◆ **AIM OF THE EXERCISE**: Print the data exactly as written, but leave out each picture.

◆ **MATERIAL PROVIDED**:
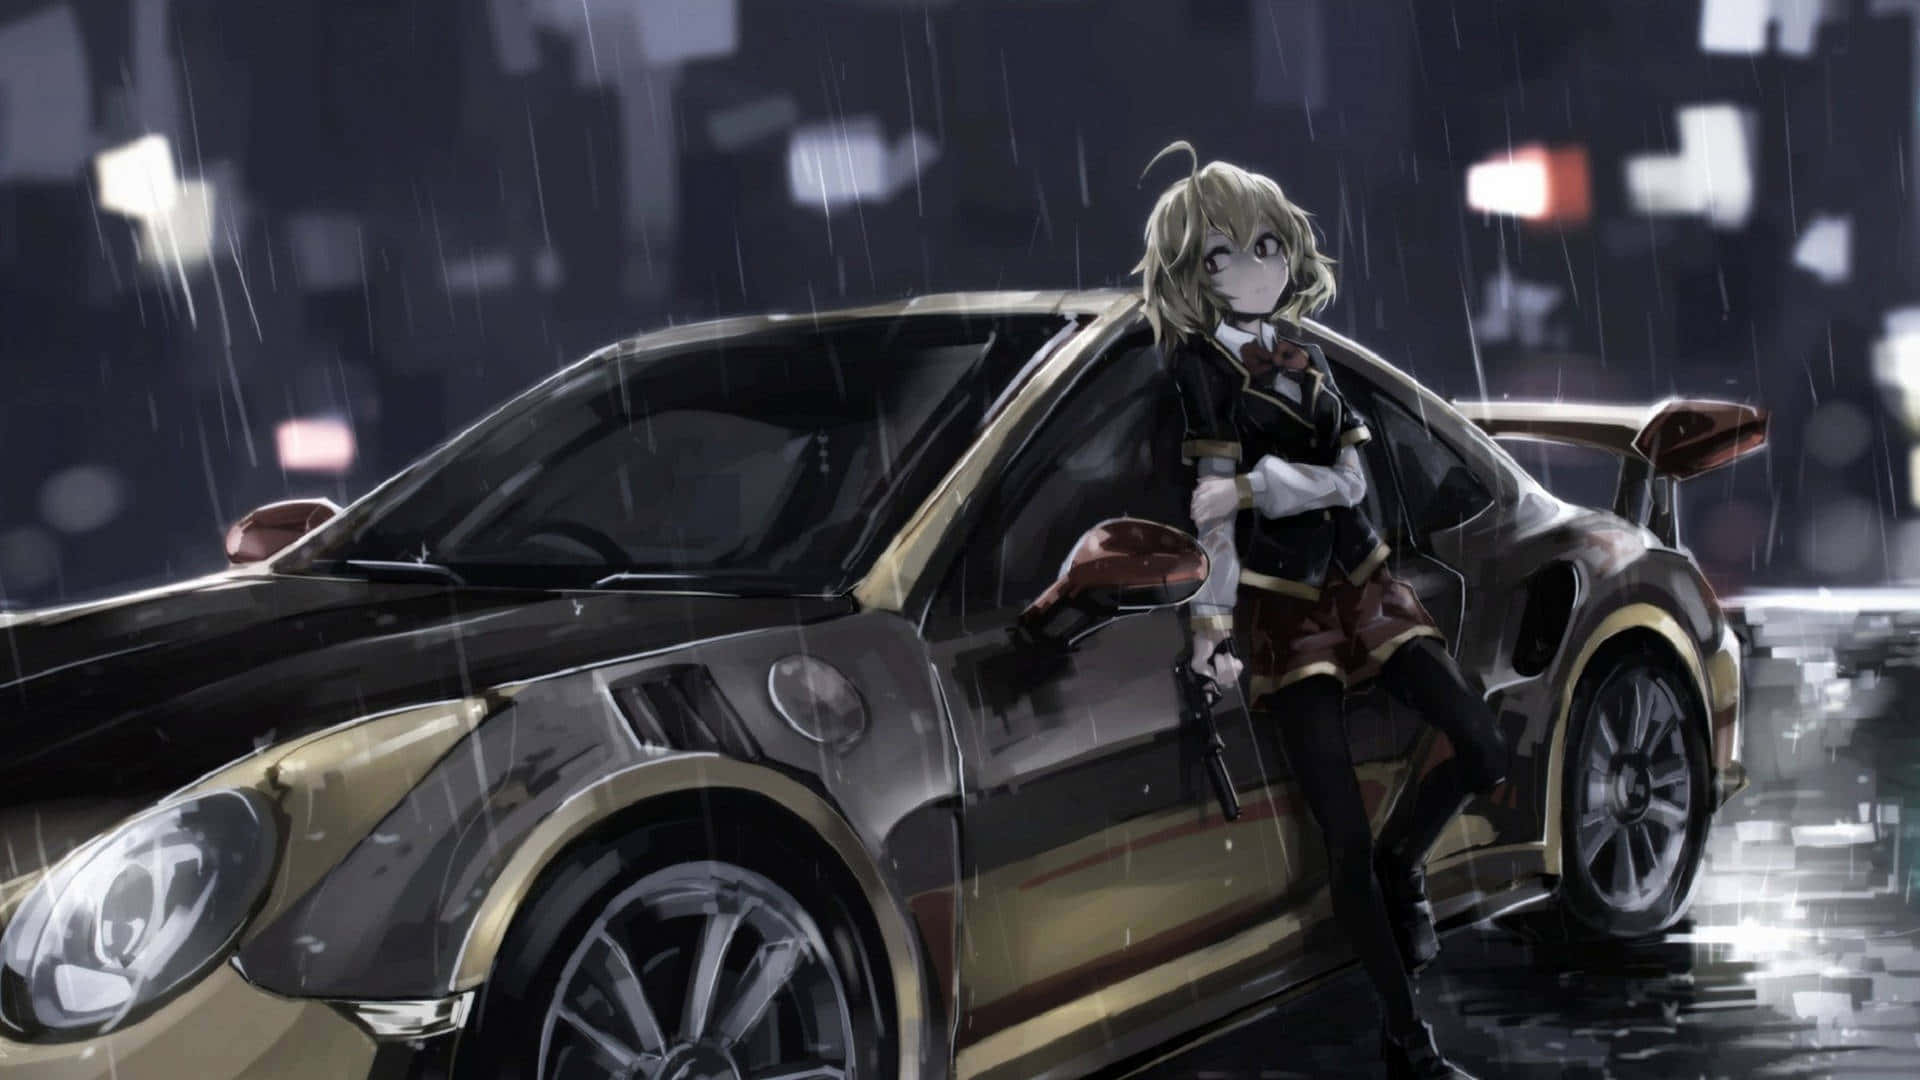 Top 10 Anime Cars List [Best Recommendations]
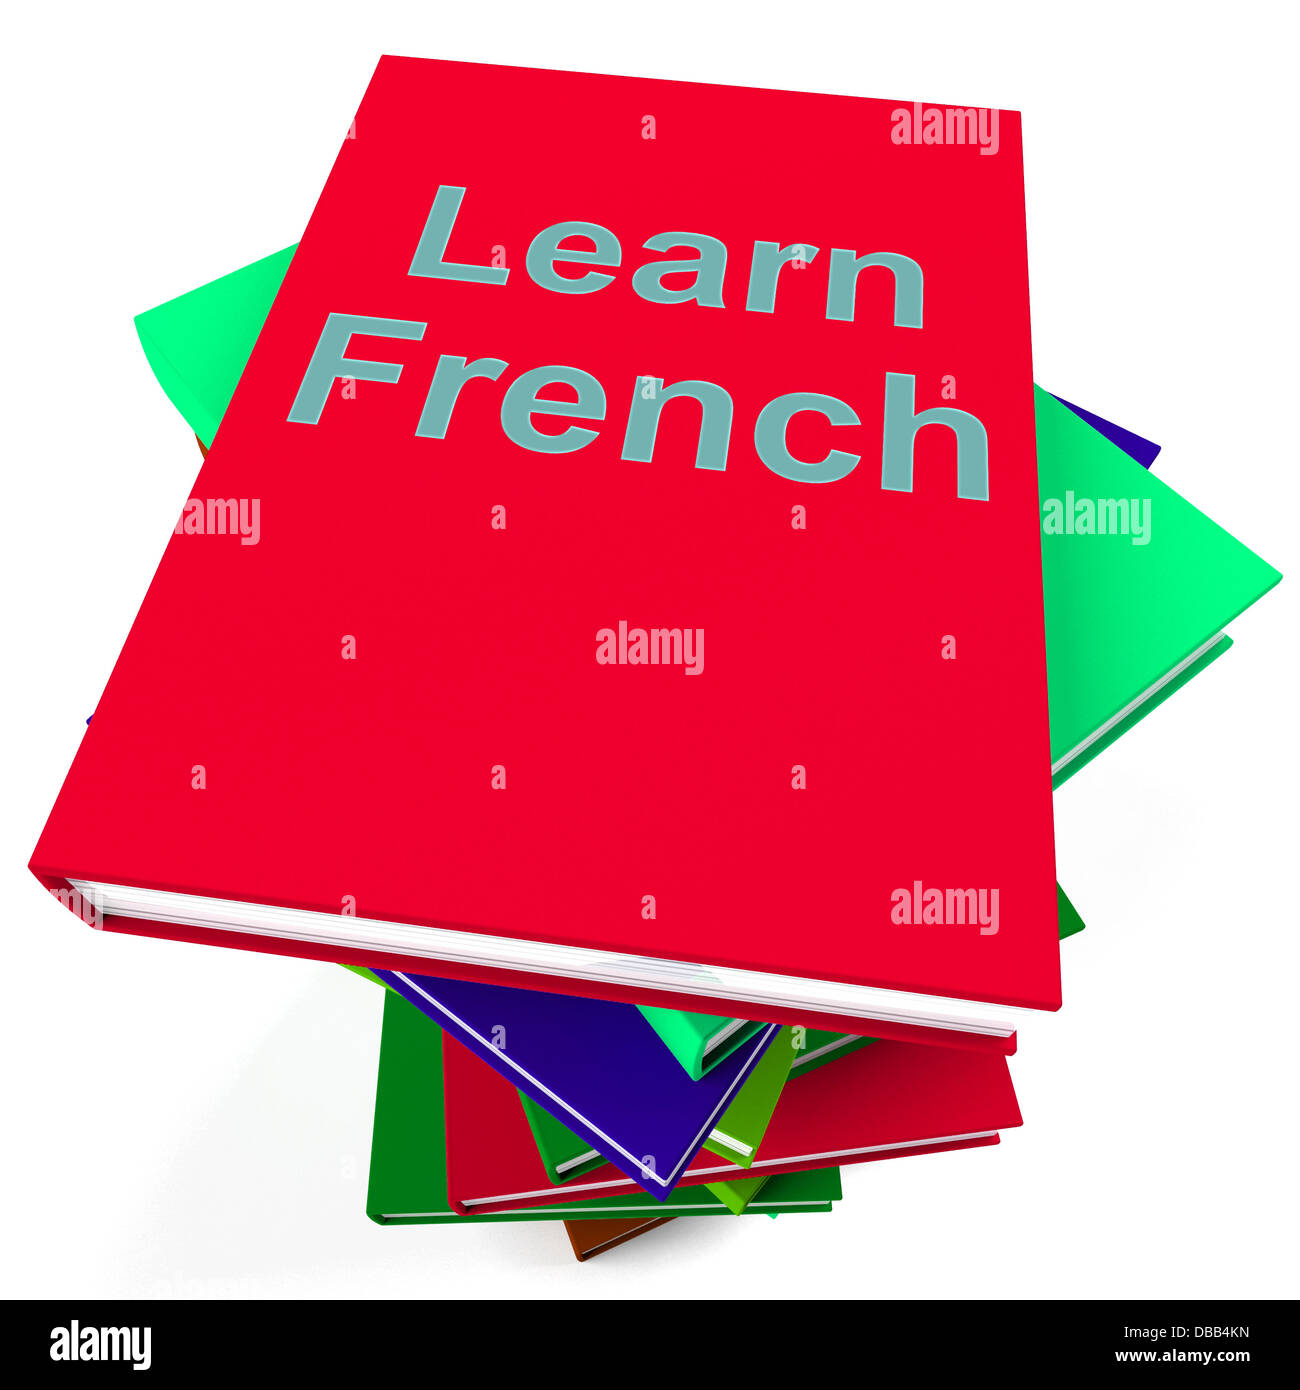 Learn French Book For Studying A Language Stock Photo
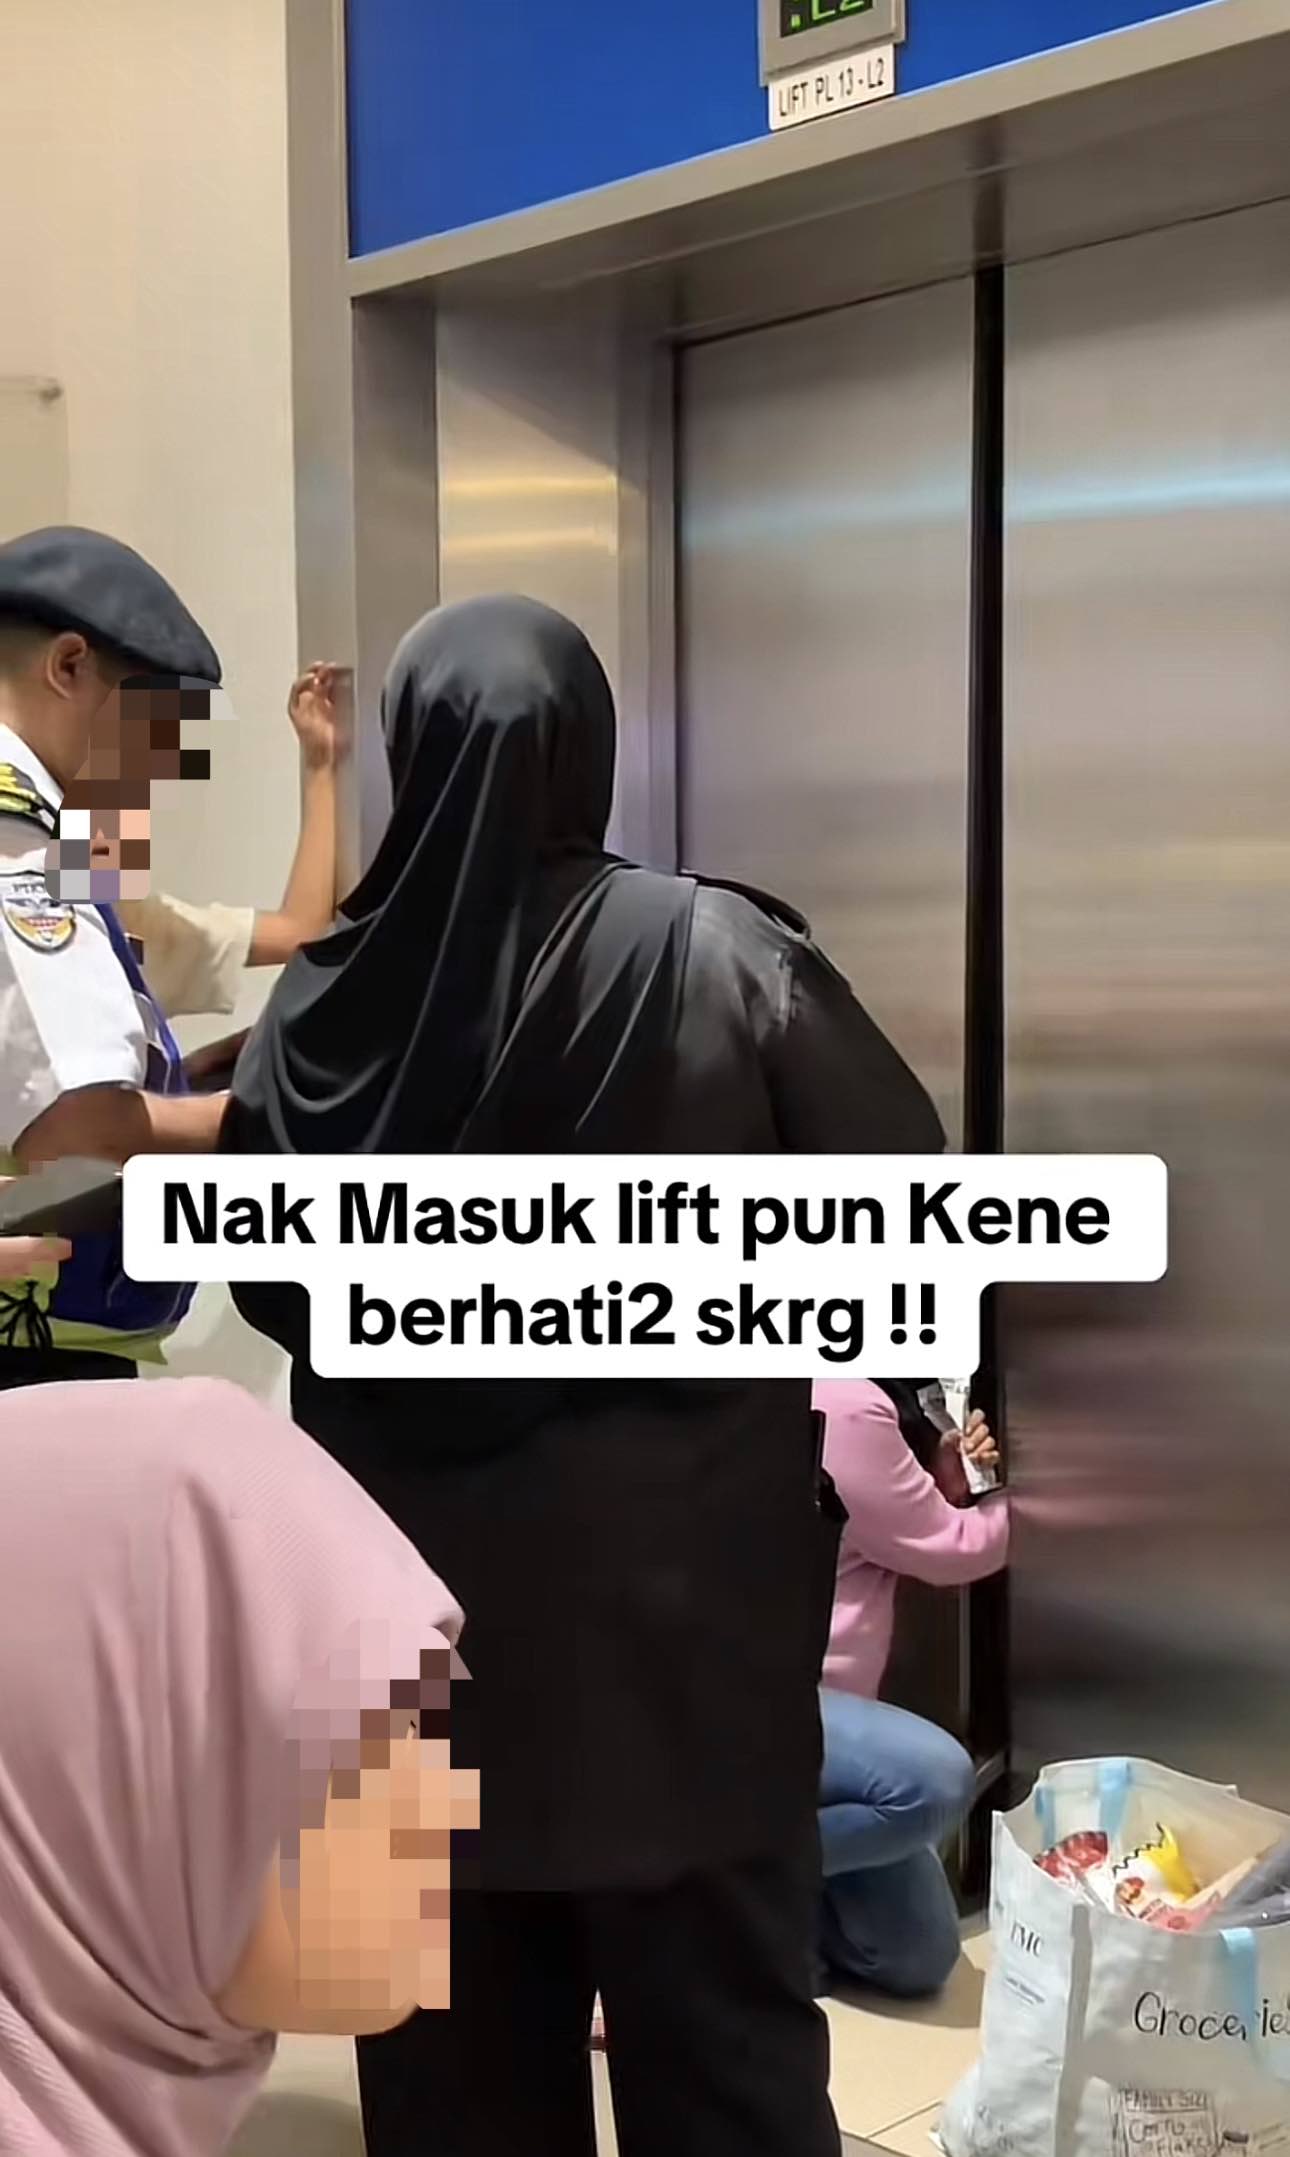 A commotion at a damansara mall after a kid gets stuck in lift.

◆ **WRITTEN RESPONSE**:
 Top 10 Anime Cars List [Best Recommendations]
 Learn French Book For Studying A Language Stock Photo
 A commotion at a damansara mall after a kid gets stuck in lift.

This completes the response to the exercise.